Deshalb wird die vor ca 40 Jahren in der Schweiz entwickelte Substanz heute primär als "stimmungsaufhellendes Anxiolytikum" bezeichnet. Seine Wirkungsweise ist - wie bei fast allen Psychopharmaka - noch nicht vollständig geklärt. Nachgewiesen sind jedoch die folgenden Wirkmechanismen:

  • Ligand an Sigma-Rezeptoren (dies ist unter den Anxiolytikaweitgehend einzigartig und wurde erst in den letzten Jahren herausgefunden).
  • Es blockiert antagonistisch in geringem Maße den Serotonin-Rezeptor (5HT-)2 , der mit Angst, Unruhe, Panik, Zwang und Depressionin Verbindung gebracht wird.
  • Es blockiert in geringem Maße auch den Dopamin-Rezeptor (D-)2, die typische Wirkungsweise von Neuroleptika, welche u.a. bei Psychosen und Schizophrenie verwendet werden. Dies erklärt die Mittelstellung von Opipramol zwischen klassischen Antidepressiva (Wirkung auf serotonerges-, noradrenerges- und seltener dopaminerges System) und Anxiolytika (meistens Wirkung auf GABAnerges System). Der Dopamin-D2-Rezeptor wird in Zusammenhang gebracht mit Angst, Wahnvorstellungen, paranoide Symptome, unsinnige Handlungen und Zwangshandlungen sowie pathologischen Bewußtsseinszuständen, wie sie bei Psychosen auftreten können.
  • Außerdem werden auch Histamin1 Rezeptoren blockiert, allerdings in wesentlich geringerem Maße. Dies hat eine leichte sedierende Wirkung zur Folge. Antihistaminika der älteren Generation, welche vor allem gegen Allergien eingesetzt wurden und heute durch neuere Antihistaminika ersetzt wurden, hatten die Sedierung und Beruhigung als unerwünschte Nebenwirkung. Heute sind noch einige alte Antihistaminika als Schlafmittel verkäuflich (z.B. Diprenhydramin)
  • Eine sehr gering ausgeprägte anticholinerge Wirkung, die in erster Linie für die Nebenwirkungen verantwortlich zu machen ist (wie z.B. Mundtrockenheit)

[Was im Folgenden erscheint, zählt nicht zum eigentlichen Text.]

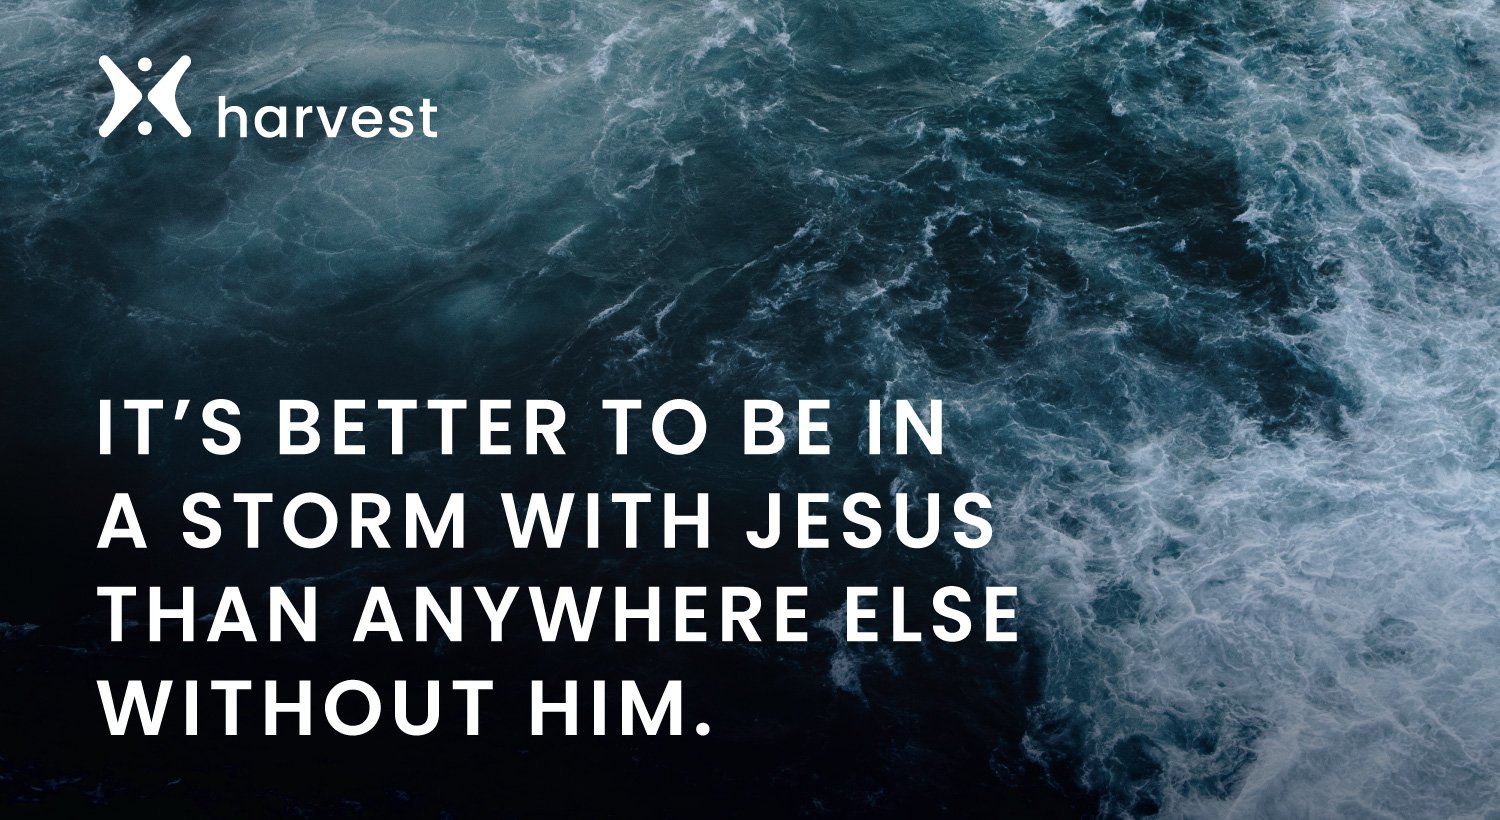 It’s better to be in a storm with Jesus than anywhere else without Him.

Der anxiolytische (angstlösende, entspannende, beruhigende) Effekt ist wahrscheinlich auf die Summe der oben genannten Wirkmechanismen zurückzuführen.

Bei Beginn der Einnahme von Opipramol-Präparaten, setzt zunächst rasch eine beruhigende Wirkung ein. Erst nach etwa 1-2 Wochen wird dieser Effekt durch eine stimmungsaufhellende Wirkkomponente ergänzt. Die sedierende Wirkung kann schon bei erster Einnahme eintreten.

Opipramol gilt gemeinhin im Gegensatz zu den strukturverwandten TZA als äußerst verträglich, Nebenwirkungen können aber u.a. sein: Müdigkeit, gastrointestinale Nebenwirkungen wie Übelkeit, sexuelle Funktionsstörungen wie z.B. Potenzstörungen. In hoher Dosierung können evtl. die Nebenwirkungen von Neuroleptika eintreten, also extrapyramidale (motorische) Störungen. Zumeist treten die Nebenwirkungen aber nur in der Anfangszeit (erste Tage bis Wochen) der Einnahme von Opipramol auf. Opipramol gilt ferner als nicht abhängig machend, zumindest besteht kein bekanntes vom Wirkstoff selbst ausgehendes Abhängigkeitspotenzial. Die beruhigende Wirkung von Opipramol kann jedoch beim Absetzen ins Gegenteil umkehren und evtl. noch bestehende Störungen wieder demaskieren, sodaß der Wirkstoff - wie alle Psychopharmaka - kontrolliert und langsam abgesetzt werden solte.